Мы долго молчали. Я чувствовал себя очень неловко. Сначала, естественно, разглядывал себя: спереди, справа, слева; потом — а что мне еще оставалось? — слева, справа, спереди… я не слишком высокого мнения о своей внешности, но достаточно хорошо с ней знаком.
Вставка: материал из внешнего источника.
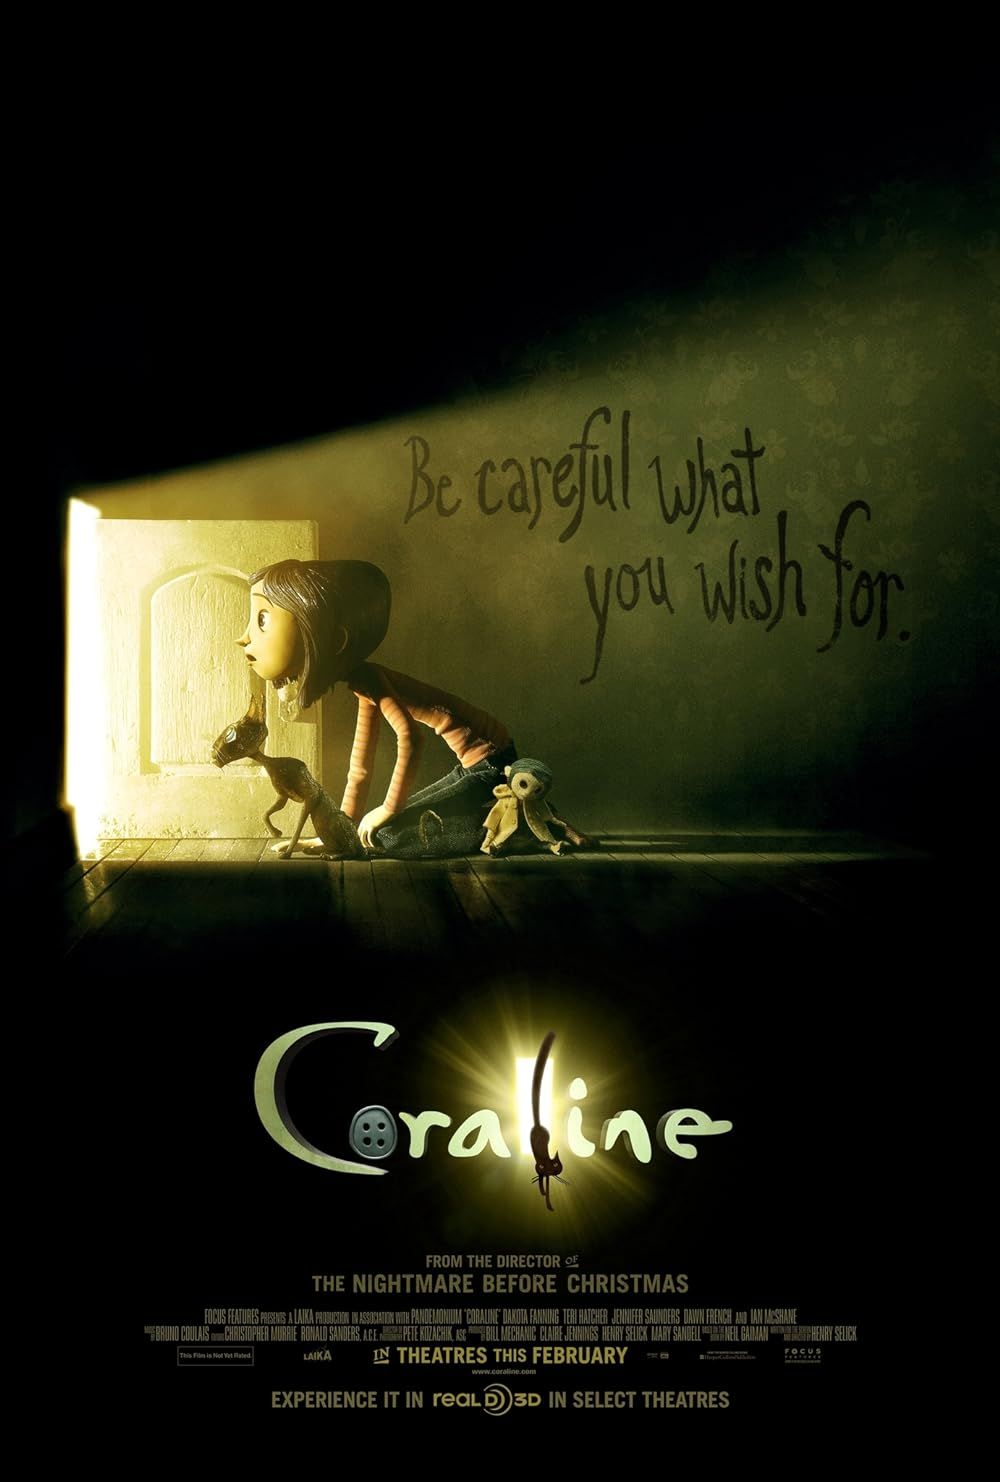 Coraline approaches a small open door in the official movie poster

Зеркало не открыло мне ничего нового. Я подумал, что надо бы сказать что-нибудь одобрительное, ну, например: «отличное зеркало».
«Больше ты ничего не заметил?» — спросил Кристиан. Я явно разочаровал его. Но что я должен был сказать? Что зеркало отражает точно и ясно? Действительно, я видел свою копию. Никогда прежде я не слышал, чтобы у Кристиана был такой взволнованный голос: «А ты хорошо смотрел?» Конечно, хорошо. Но он так настаивал, что мне стало не по себе: «Ну, посмотри еще раз направо, вот сюда…» Я и так знаю, где право, где лево. Потом он велел мне посмотреть еще раз налево… «Ну и как, ничего не замечаешь?» Да что же, что я должен заметить?
Кристиан встал сзади, так чтобы видеть меня из-за плеча, примерно в таком же ракурсе, как смотрел на себя я сам. Так. Повернись-ка немного… теперь в другую сторону… И вдруг отпихнул меня и сам ступил на освещенную площадку. Он был страшно возбужден. Просто неузнаваем. Но тут же, пробормотав со вздохом: «Как всегда!», резко закрыл створки и повернулся ко мне, загораживая зеркало руками, как будто боялся, что оно откроется у него за спиной. Несомненно, Кристиан хлебнул лишку. И я не стал ни о чем допытываться. Ни тогда, ни потом, когда иной раз он намекал на «сцену с зеркалом» и словно напрашивался на разговор. Не знаю, что задело меня в этой нелепой истории, но с тех пор я старался реже видеться с Кристианом. Да и он, кажется, избегал меня.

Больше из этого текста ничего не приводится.